What Makes Graph Neural Networks Miscalibrated?

Authors: Hans Hao-Hsun Hsu, Yuesong Shen, Christian Tomani, Daniel Cremers

NeurIPS 2022 | Conference PDF | Archive PDF | Plain Text | LLM Run Details

Reproducibility Variable Result LLM Response
Research Type Experimental In this work, we conduct a systematic study on the calibration qualities of GNN node predictions. Our experiments empirically verify the effectiveness of GATS, demonstrating that it can consistently achieve state-of-the-art calibration results on various graph datasets for different GNN backbones.
Researcher Affiliation Academia 1 Technical University of Munich, Germany 2 Munich Center for Machine Learning, Germany {hans.hsu, yuesong.shen, christian.tomani, cremers}@tum.de
Pseudocode No The paper does not include a clearly labeled pseudocode or algorithm block.
Open Source Code Yes Source code available at https://github.com/hans66hsu/GATS
Open Datasets Yes We train a series of GCN [11] and GAT [32] models on seven graph datasets: Cora [24], Citeseer [24], Pubmed [18], Amazon Computers [26], Amazon Photo [26], Coauthor CS [26], and Coauthor Physics [26]. ... for post-hoc calibration.
Dataset Splits Yes For all the experiments, we randomly split the labeled/unlabeled (15%/85%) data five times, and use three-fold internal cross-validation of the labeled data to train the GNNs and the calibrators.
Hardware Specification No The paper does not explicitly state specific hardware details (e.g., GPU models, CPU types, memory) used for running the experiments in the main text.
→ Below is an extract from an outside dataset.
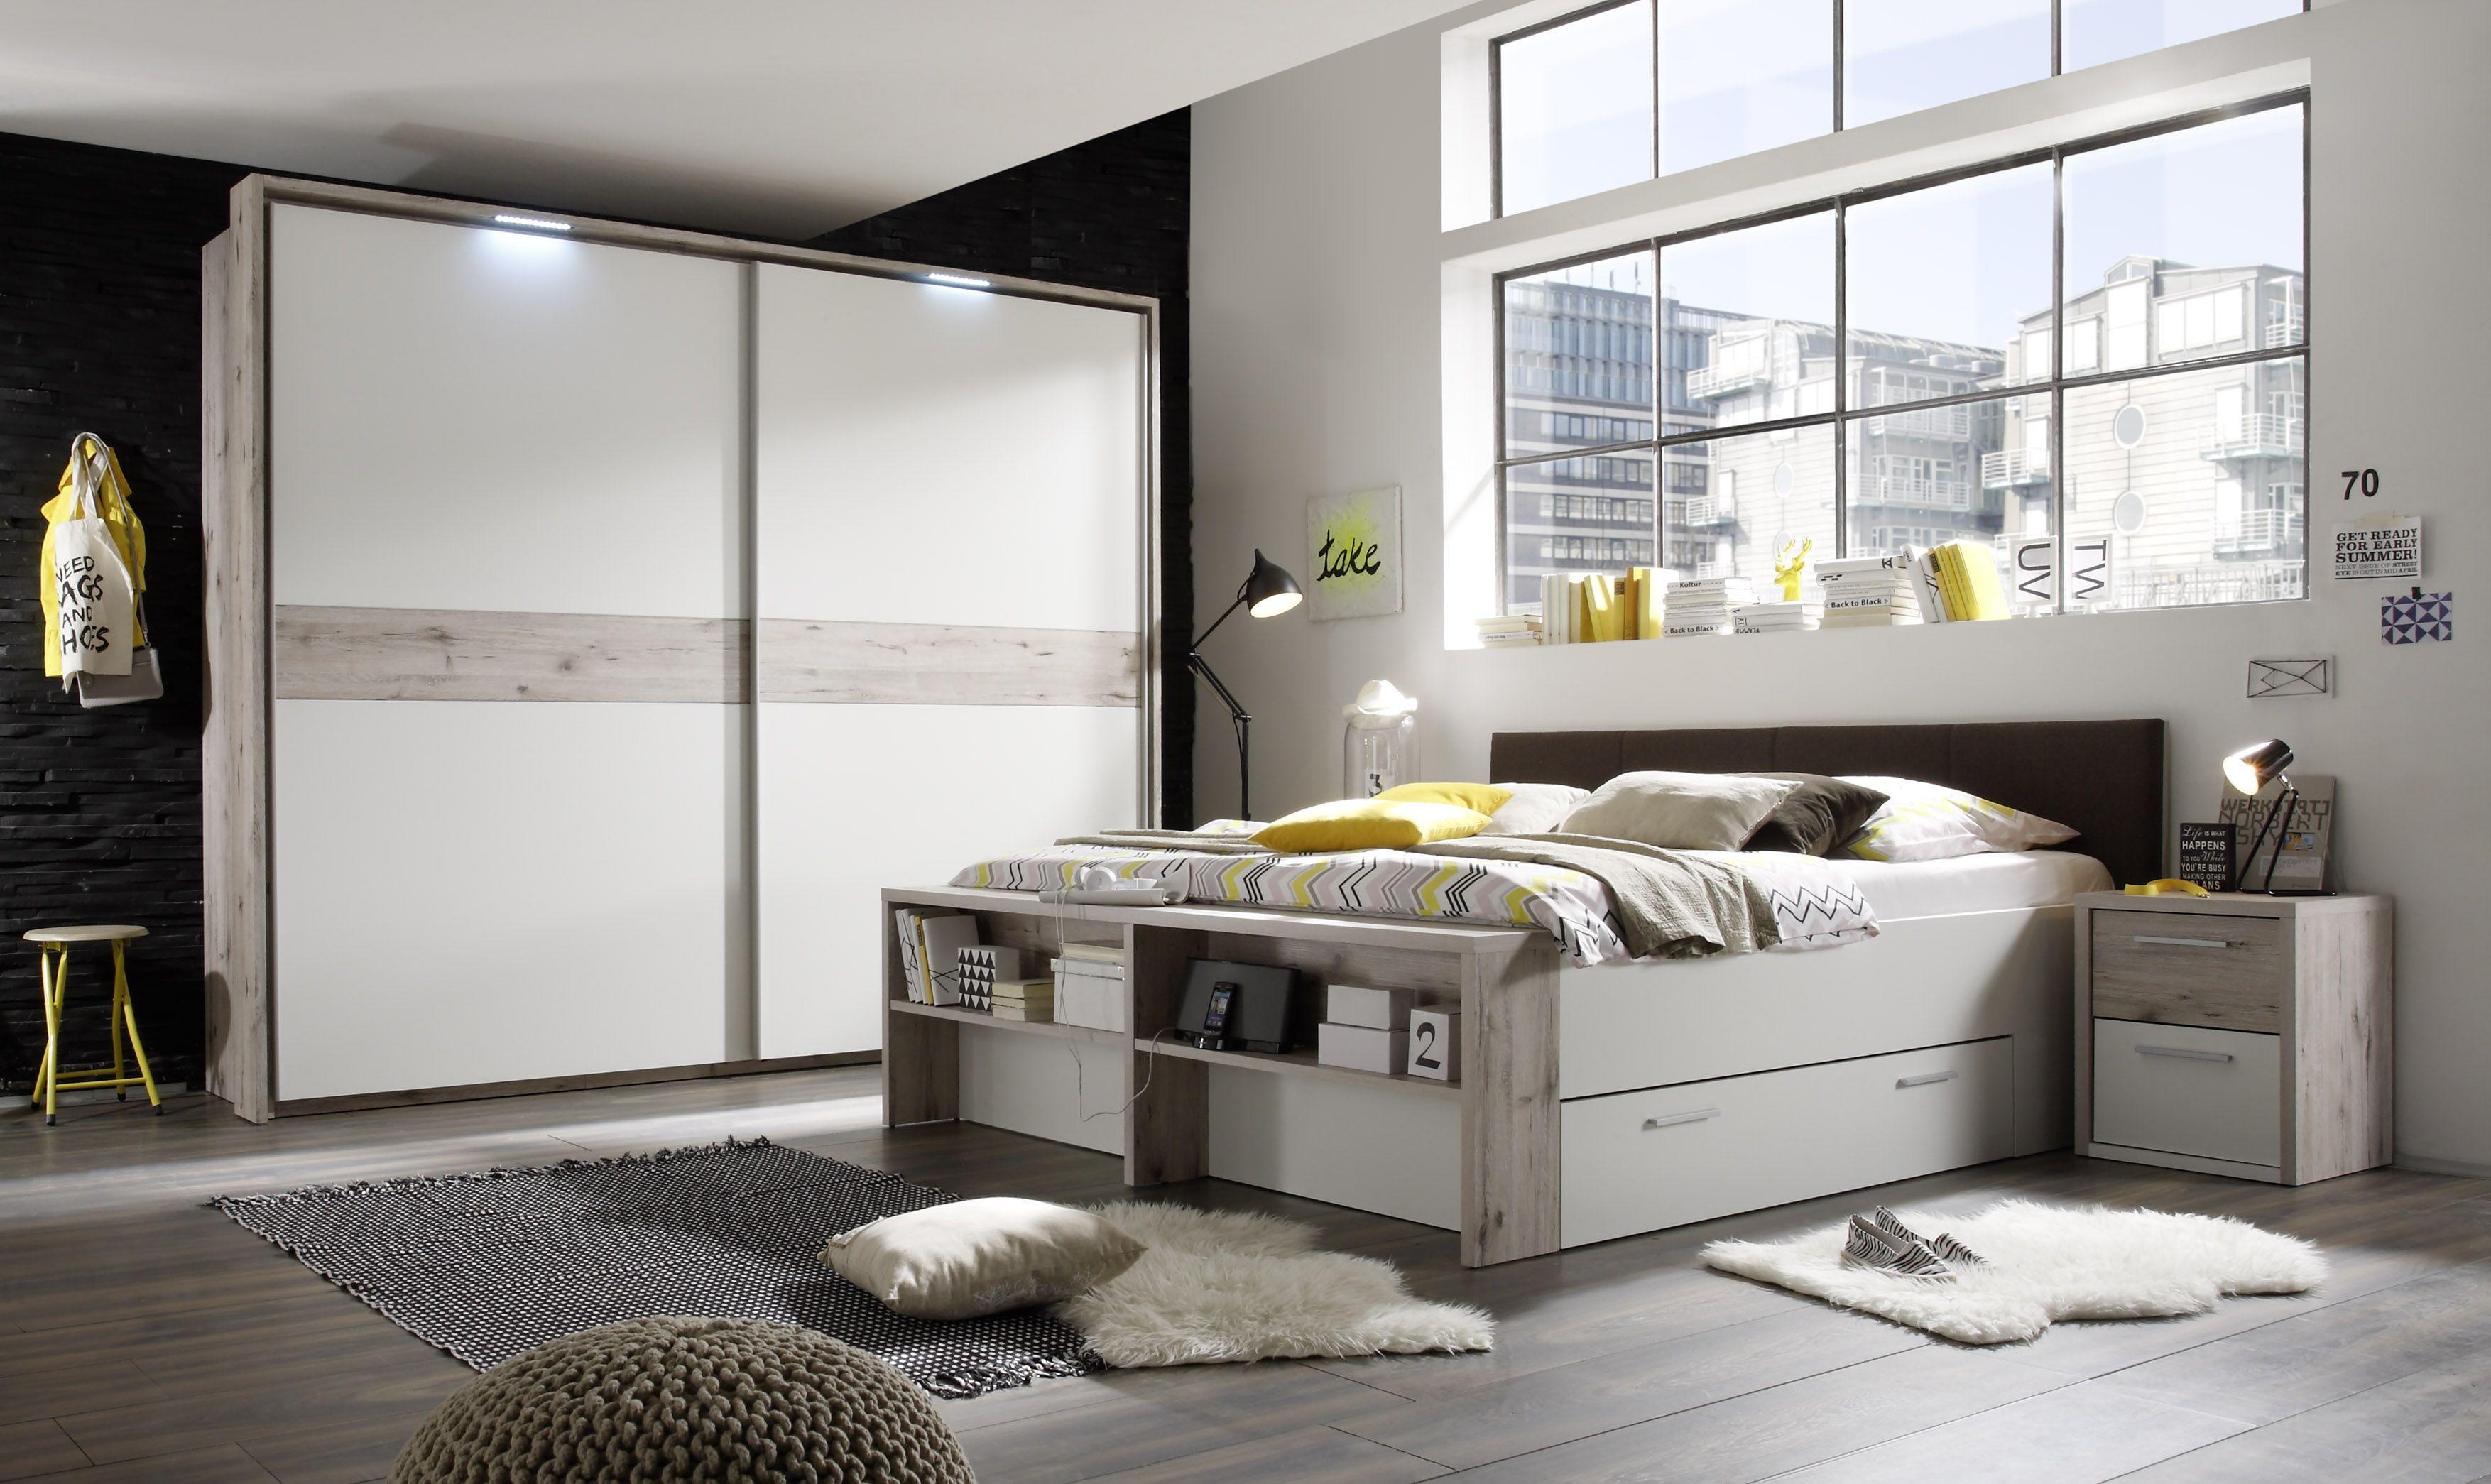 Schlafzimmer Mit Bett 180 X 200 Cm Sandeiche/ Weiss Woody

It mentions in the ethical checklist that the resources used were included but does not elaborate on specifics within the visible content.
Software Dependencies No The paper does not explicitly list specific software dependencies with version numbers (e.g., Python version, library versions like PyTorch or TensorFlow) in the main text.
Experiment Setup No The paper mentions general aspects of the experimental setup, such as using negative log-likelihood as the objective for calibration. However, it states that "Details about model training are provided in Appendix A.2 for reproducibility" and "We provide detailed experimental settings in Appendix A.", but these specific hyperparameters (e.g., learning rates, batch sizes, epochs) are not provided in the main body of the paper.